It’s not only the young, the BabyGens, who want us oldies out of the picture so they can finally inherit the earth. It’s also, for completely different reasons, the religious groups who oppose life rejuvenation. Fortunately these pro-deathers, as they call themselves, are fewer in number, though they tend to be dramatic and colourful.
Rejuve, to the monotheists, goes against the wishes of the Almighty God who planned and created the universe just so, arranging a fixed span of life for each soul therein, at the end of which He shall sit in judgment over it. God gives life and takes it away. There is an afterlife, with a heaven and a hell. You have no right dodging His archangel of death to avoid your reckoning. He’ll get you anyway. The contradictions in this position are obvious to us nonbelievers. Whether they believe that judgment comes to each soul individually and immediately after death, or there is a collective Judgment Day at the end of all life, the unspoken fear of the God-believers is that with rejuvenation the reckoning gets postponed—in principle, forever. And that won’t do for the Almighty. Meanwhile some of His believers show no qualms in doing the archangel’s work for him.

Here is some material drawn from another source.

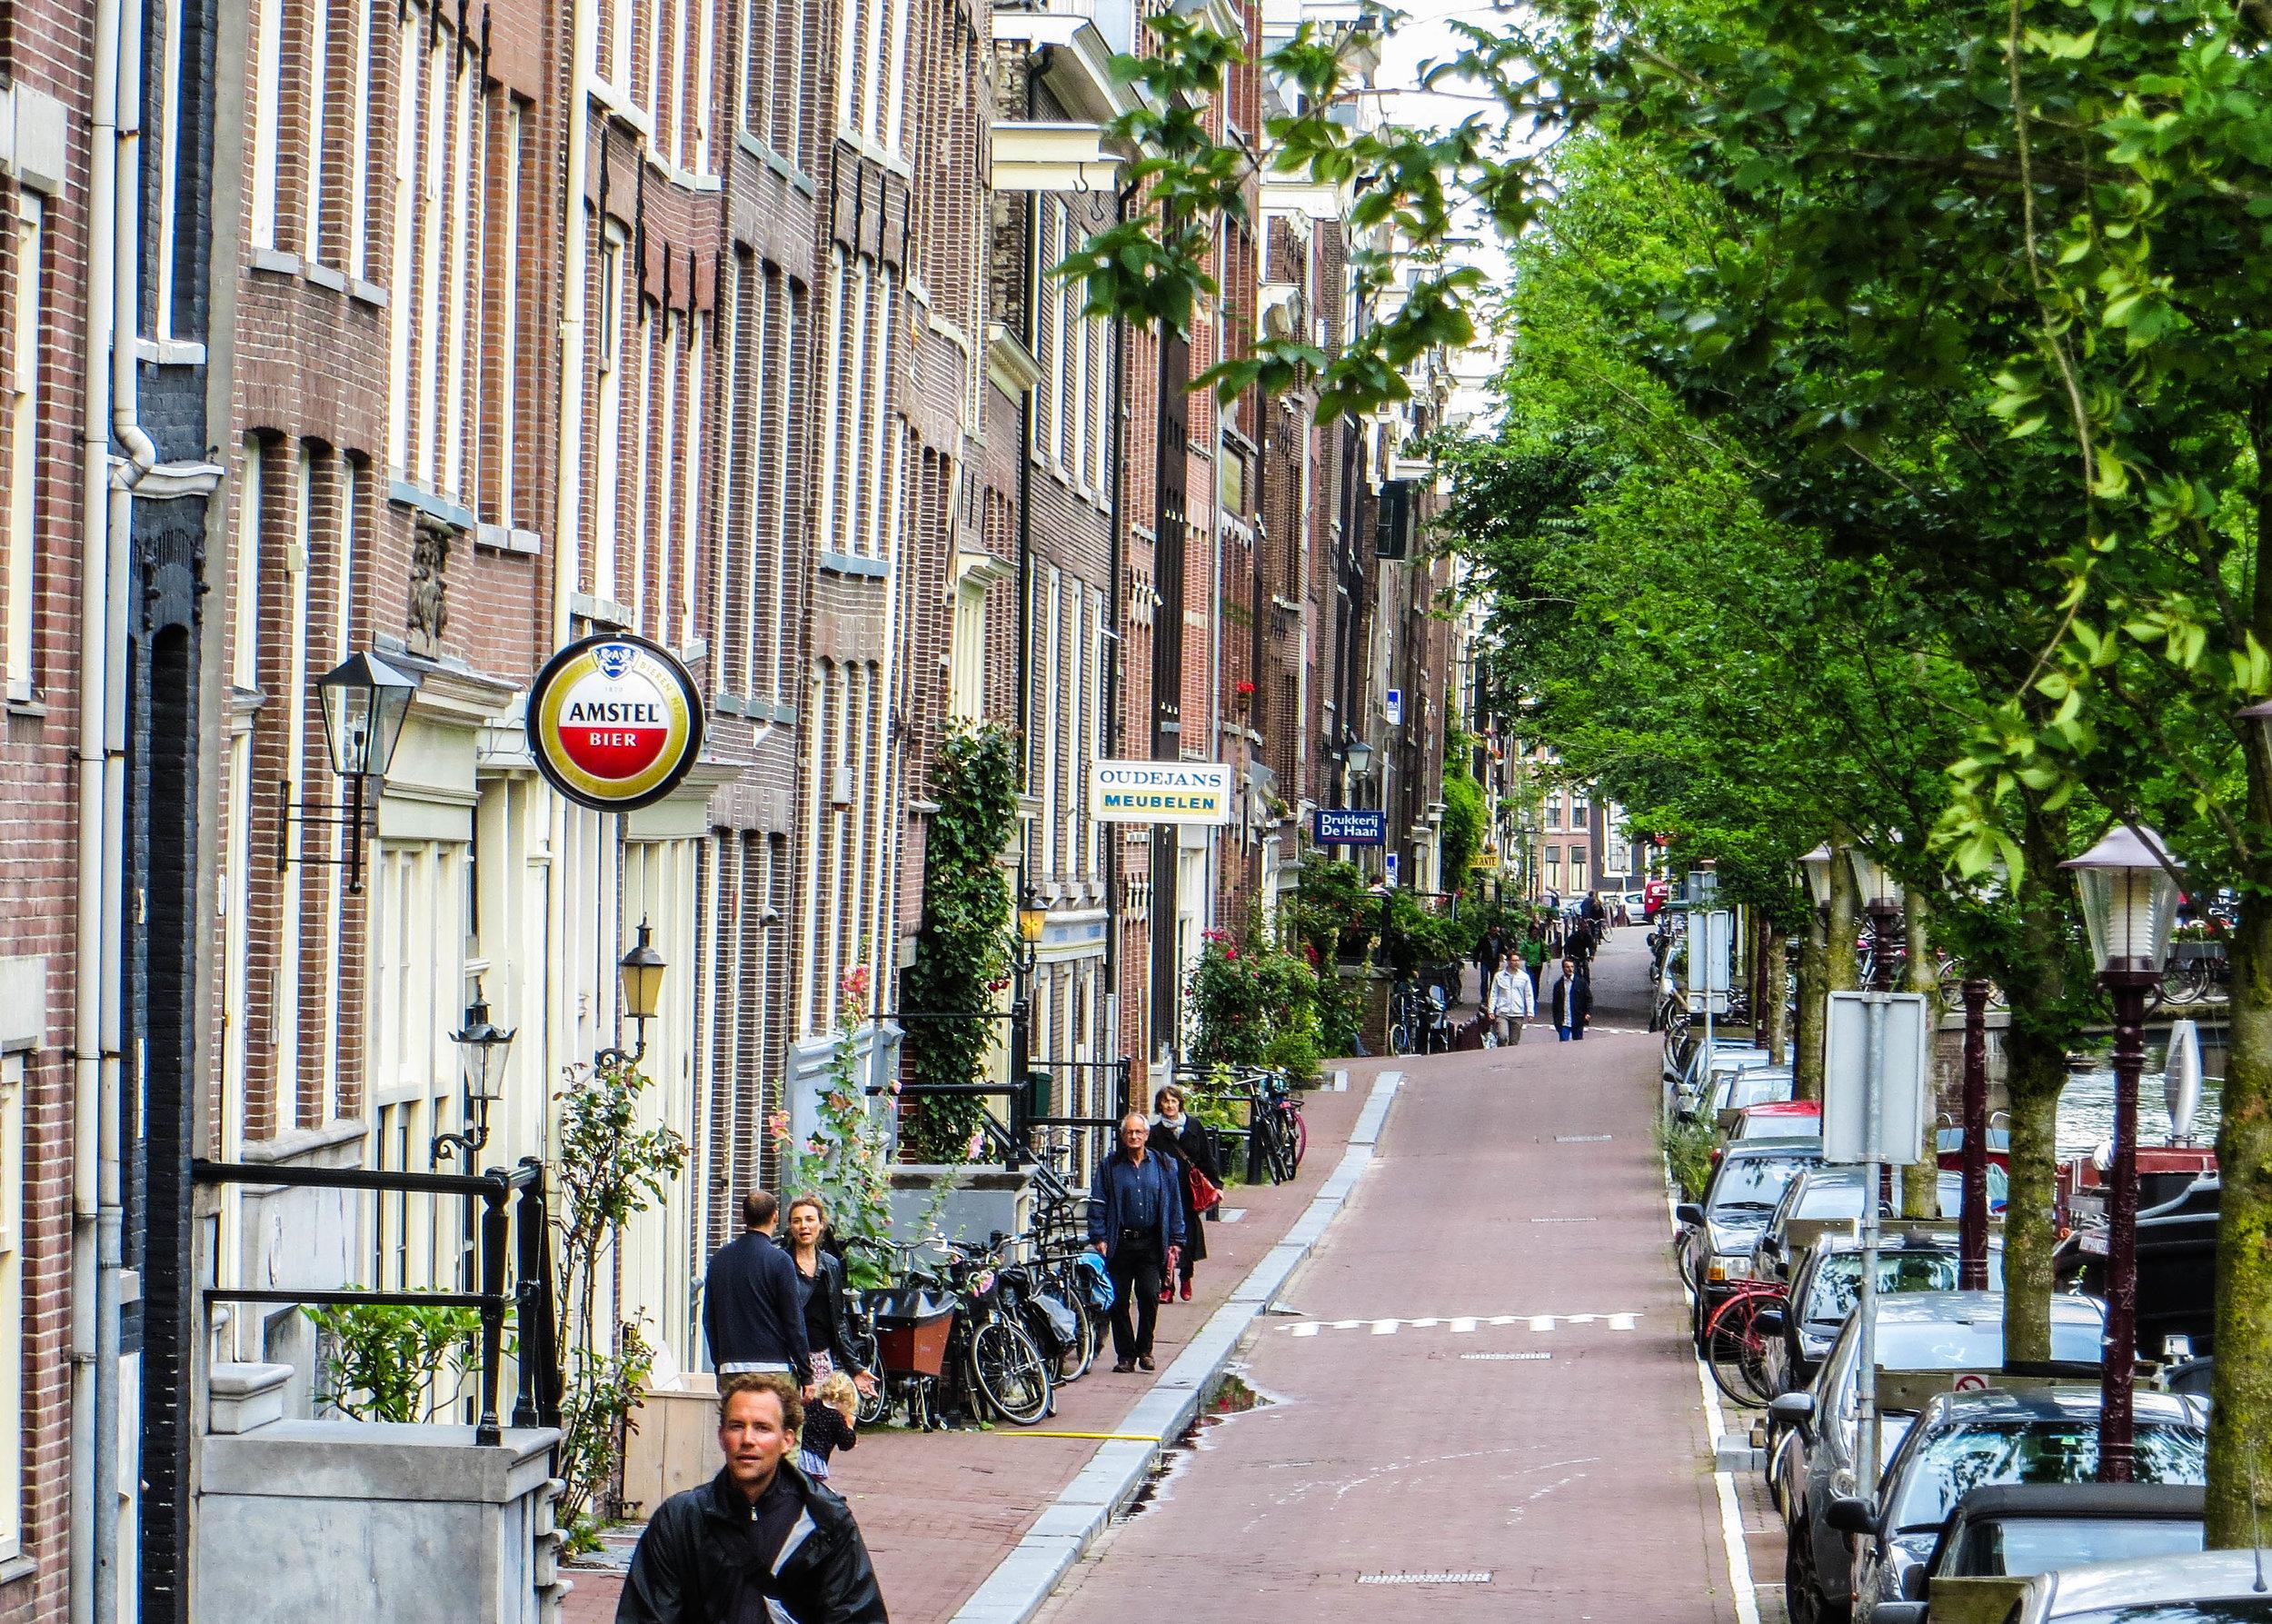 amsterdam-netherlands-street-photography-4-2.jpg

For the Hindus and Buddhists, rejuvenation interferes with karma and the cycle of rebirths. Imitating rebirth, constructing new lives at a whim, makes a mockery of karma and the universal law of Vishnu, Brahma, and Shiva. Why prolong life artificially when you will be reborn anyway, continuously, until by your own karma that cycle is finally broken and the self finds bliss? The purpose of life is to terminate the cycle, not prolong it.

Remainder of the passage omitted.